Он повернулся и с нежностью посмотрел на мартышку. Та стыдливо покачала головой.
— То есть вы родились в цирке? — уточнил я.
— Да, — ответил он. — Я сын карлика-клоуна и одной из самых красивых гимнасток в мире. У нас с маньчжурским принцем есть кое-что общее: моя мать тоже умерла при родах. Кто знает, как сильно страдала бы красавица вроде нее оттого, что она родила такого уродца, как я. В детстве при мысли об этом я пытался убедить себя, будто рад, что мама умерла. Отец так крепко любил маму, что не мог вынести даже моего вида. Оставив меня в том цирке, где я родился, он ушел в другой. Несколько лет спустя он упал с трапеции и разбился. Такая смерть, что не понять — то ли несчастный случай, то ли самоубийство. Меня вырастила цирковая повариха. Она была очень толстой. Она безумно любила меня, потому что была одинока. А Изабель родилась от одной из самых известных цирковых обезьян. Она была такой неказистой и щуплой, а теперь — смотрите, что получилось!

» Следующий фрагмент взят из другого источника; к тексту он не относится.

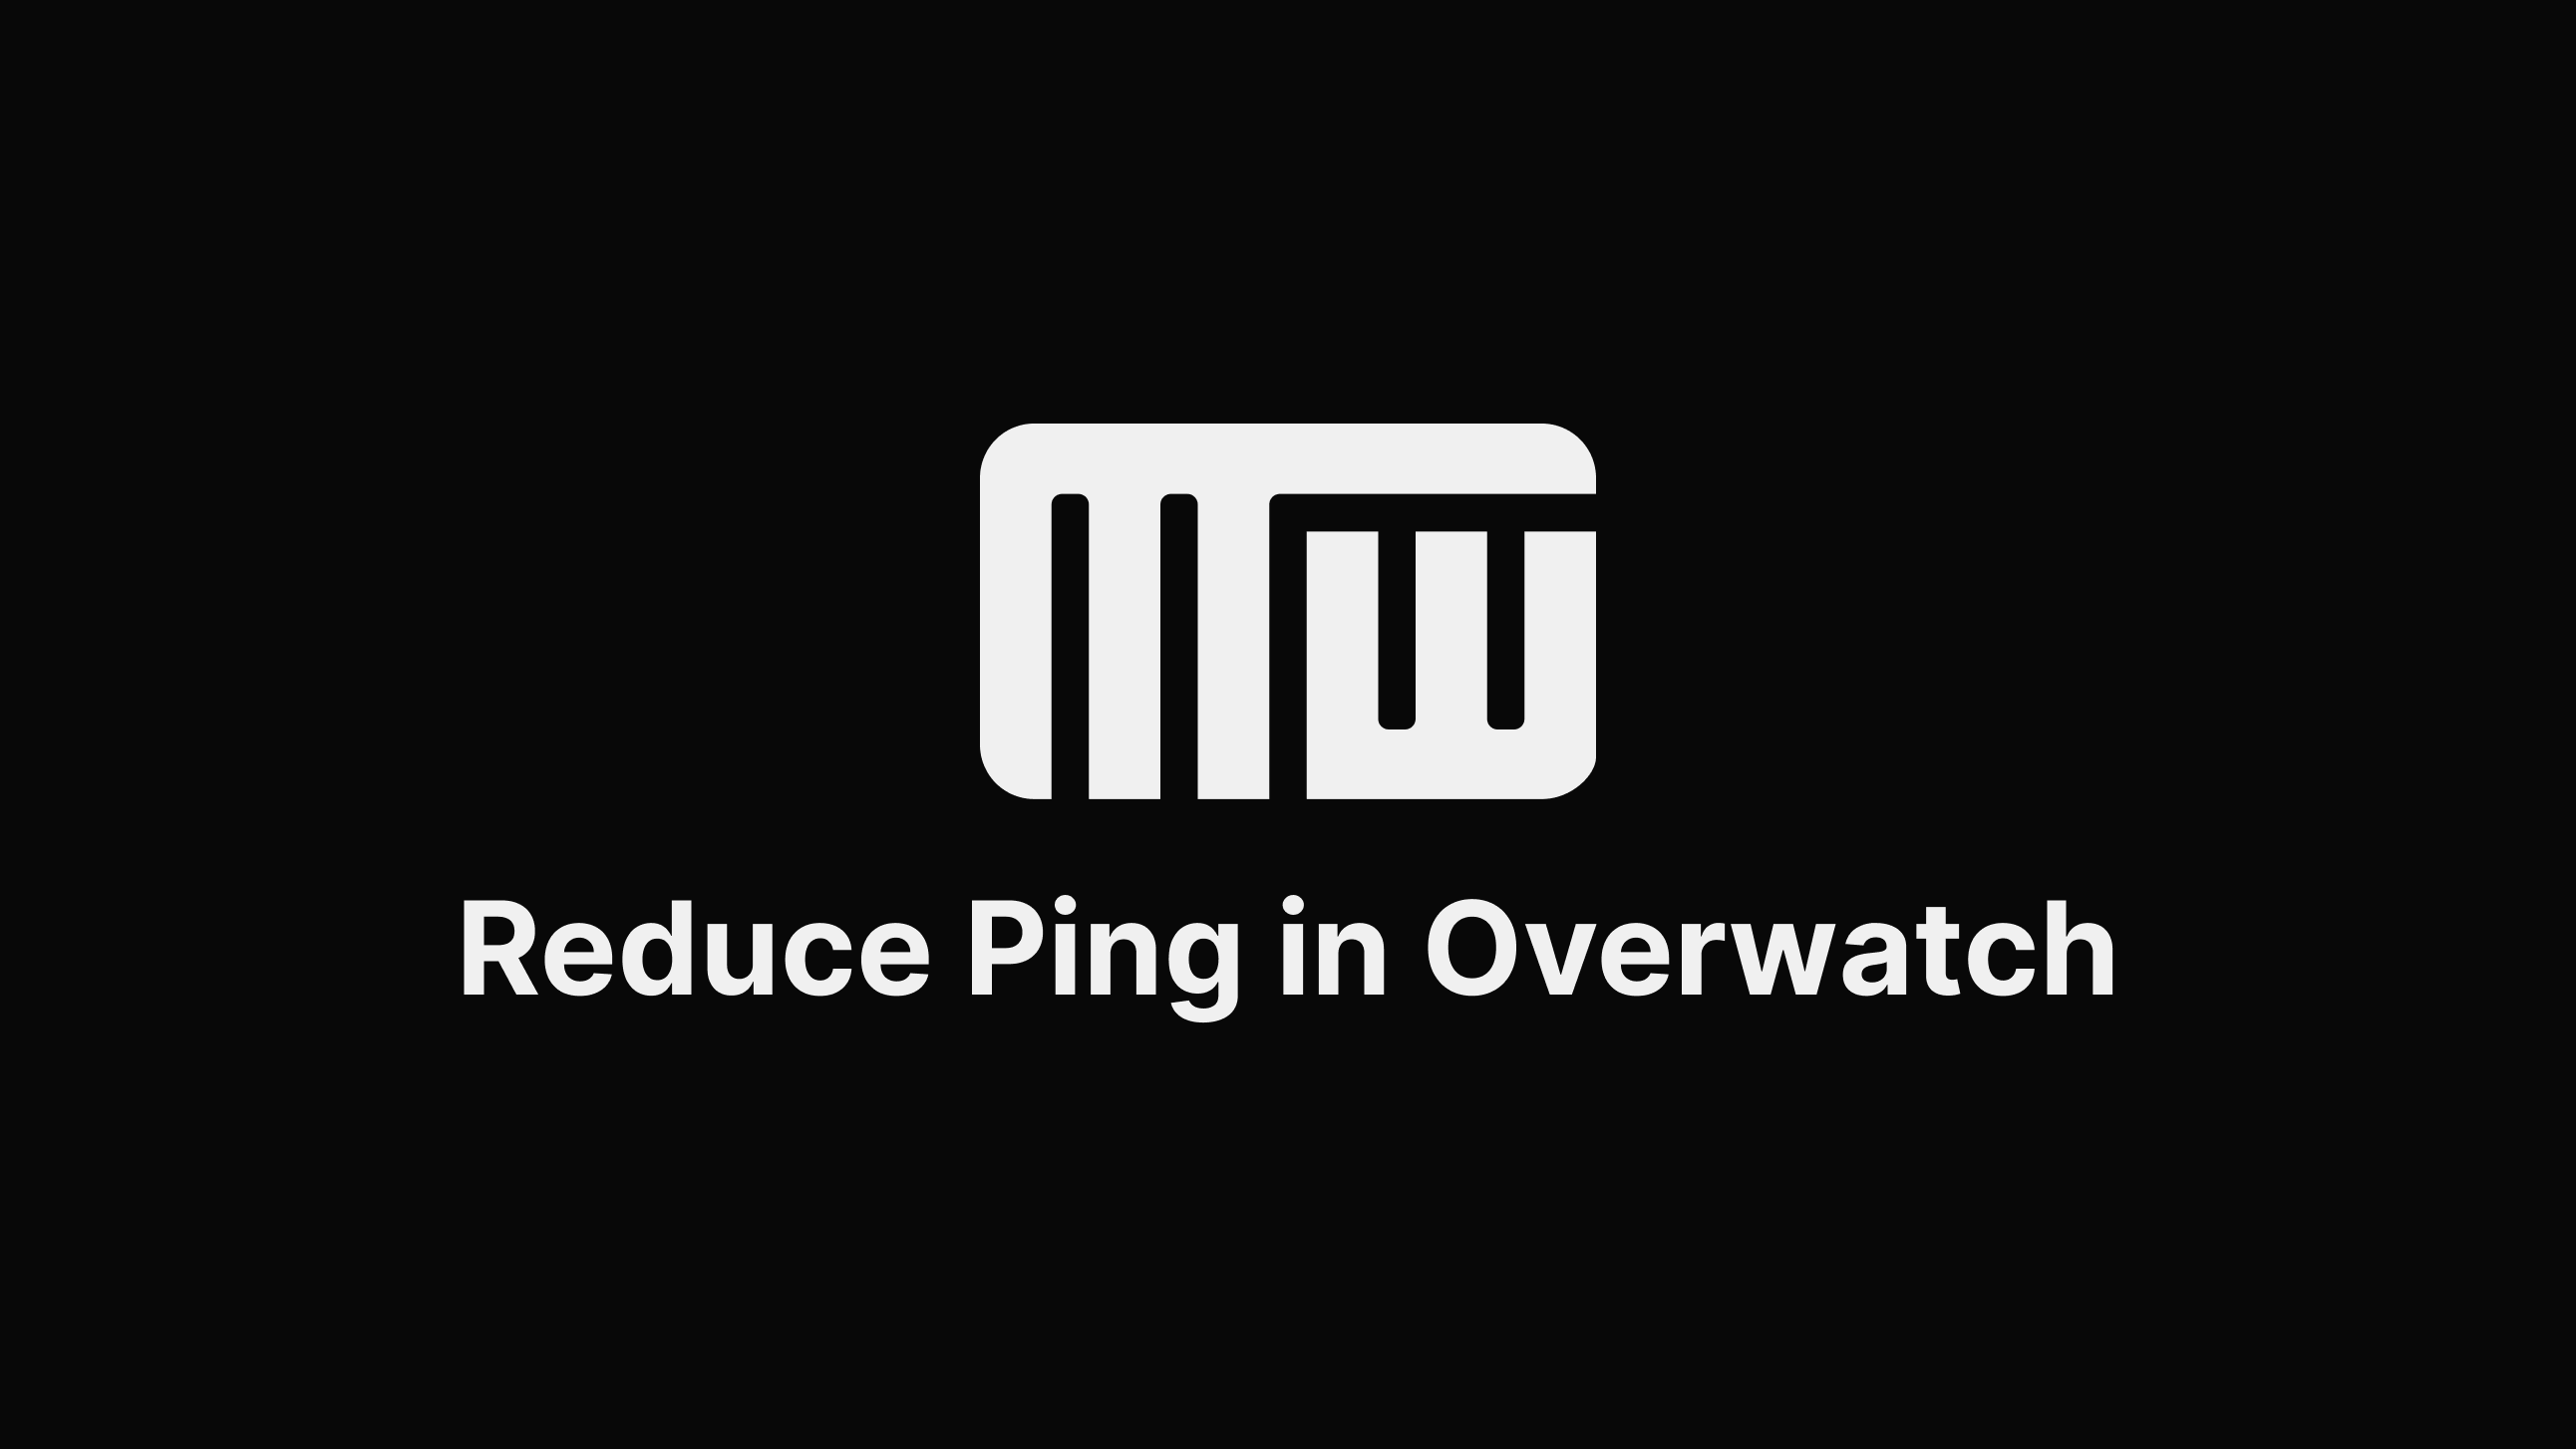 Reduce Ping in Overwatch

— Ее мать тоже умерла при родах, — съязвил я.
— Да, именно так, — согласился господин карлик. — Обезьяны ведь как люди: им тоже нужна материнская ласка. Другие обезьяны не желали заботиться об Изабель. А она была такой хилой и крошечной. Но такой миленькой, такой хорошенькой… Я взял ее себе и вырастил, дал ей имя, научил всему, что знаю сам; а Изабель взамен сделала меня счастливым.
Повернувшись, он долго смотрел на нее. Изабель опять укрылась своей норковой пелериной и спала, посапывая.

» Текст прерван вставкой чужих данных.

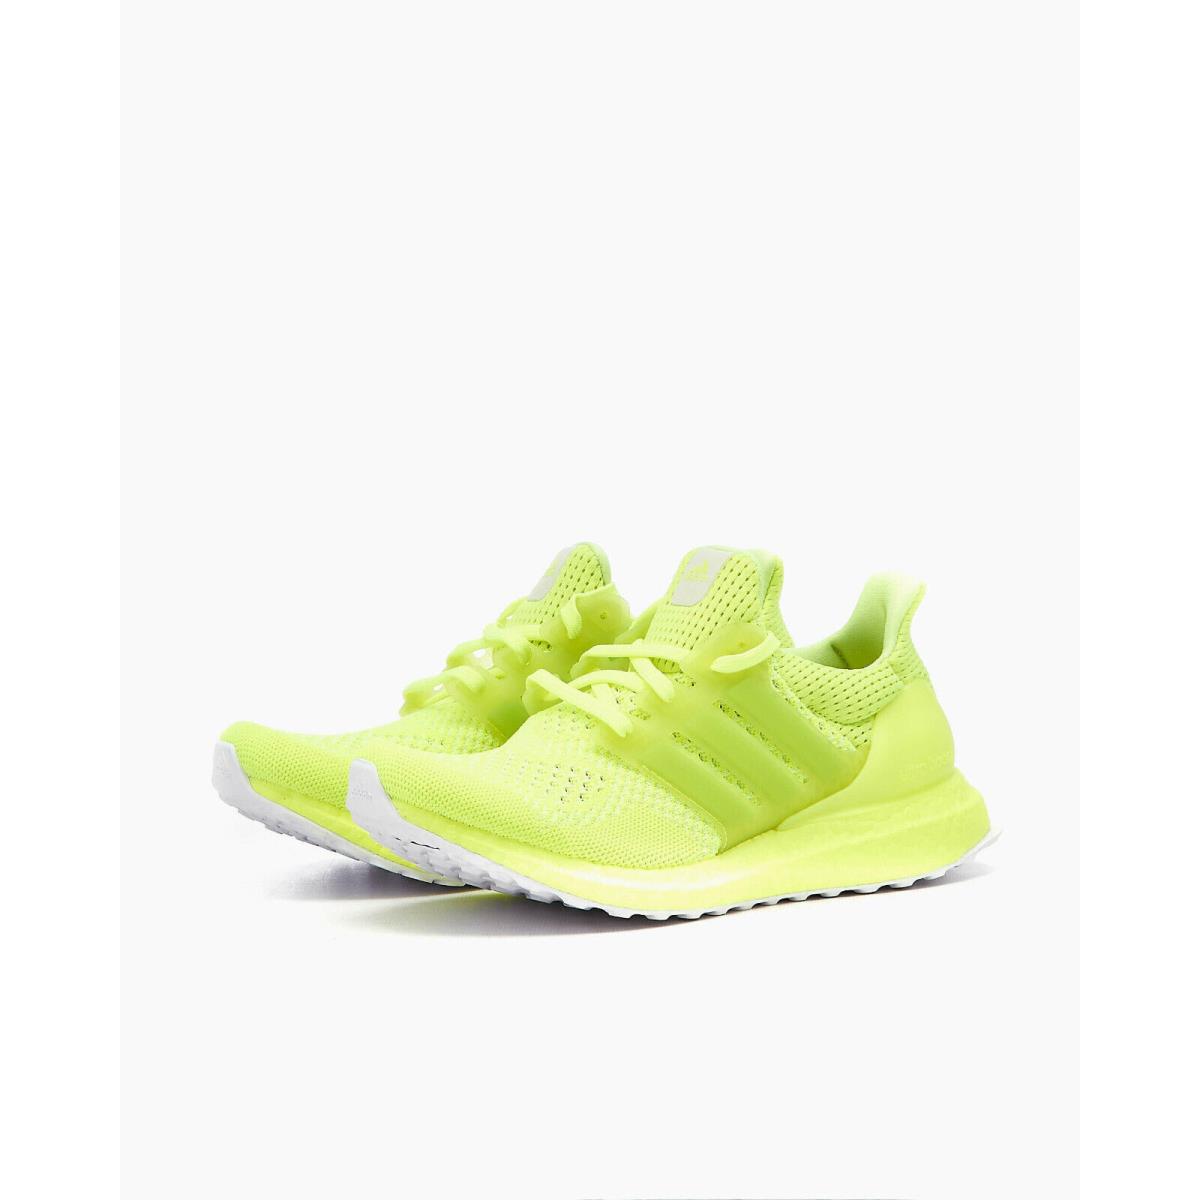 Adidas shoes UltraBoost DNA - Solar Yellow / Solar Yellow / Hi-Res Yellow , Core Black/Core Black/Footwear White Manufacturer 1

— Я, наверное, вас утомил, — подкупающе заботливо проговорил карлик. — Теперь вы тоже засыпаете.
— Не-ет, ну что вы, — не согласился я. — Ни в коей мере! Мне так интересно вас слушать!
В нашем купе стало очень жарко. За окном в темноте мелькали деревья. Наверное, я заснул.
А когда проснулся, наш поезд уже подъезжал к пункту назначения — моему родному городу. Карлика с Изабель не было. У меня защемило сердце — ведь мы даже не попрощались. Вдруг на корзинке с инжиром я заметил конверт. На нем красивым почерком было выведено мое имя.
Я раскрыл его. Внутри лежало письмо, написанное на тончайшей ломкой бумаге кремового цвета. Я начал его читать:
Дорогой наш друг и попутчик!
Мы с Изабель очень рады, что встретили вас… Когда Изабель проснулась, ее словно подменили: ваша молодость, ваше воодушевление, ваша жизненная сила и отвага изменили ее до неузнаваемости. Теперь она не хочет ни к врачу из вашего города, ни к другим врачам. Она хочет провести свои последние дни у нас дома — спокойно и счастливо. Нам очень повезло, что мы познакомились с таким человеком, как вы.
Надеюсь, вы примете от нас на память скромный подарок. Может быть, вы продадите его и благодаря нам отправитесь путешествовать. Хорошая мысль? Что скажете?
Внизу стояла эффектная и замысловатая подпись. Она свидетельствовала о яркой личности и совершенно не читалась. Еще в конверте лежала булавка для галстука, украшенная бриллиантом величиной с ноготь большого пальца. Я вытащил ее и стал рассматривать. Мне уже виделись Индия, Непал, Шри-Ланка и Бирма. Больше во время той поездки ничего примечательного не произошло.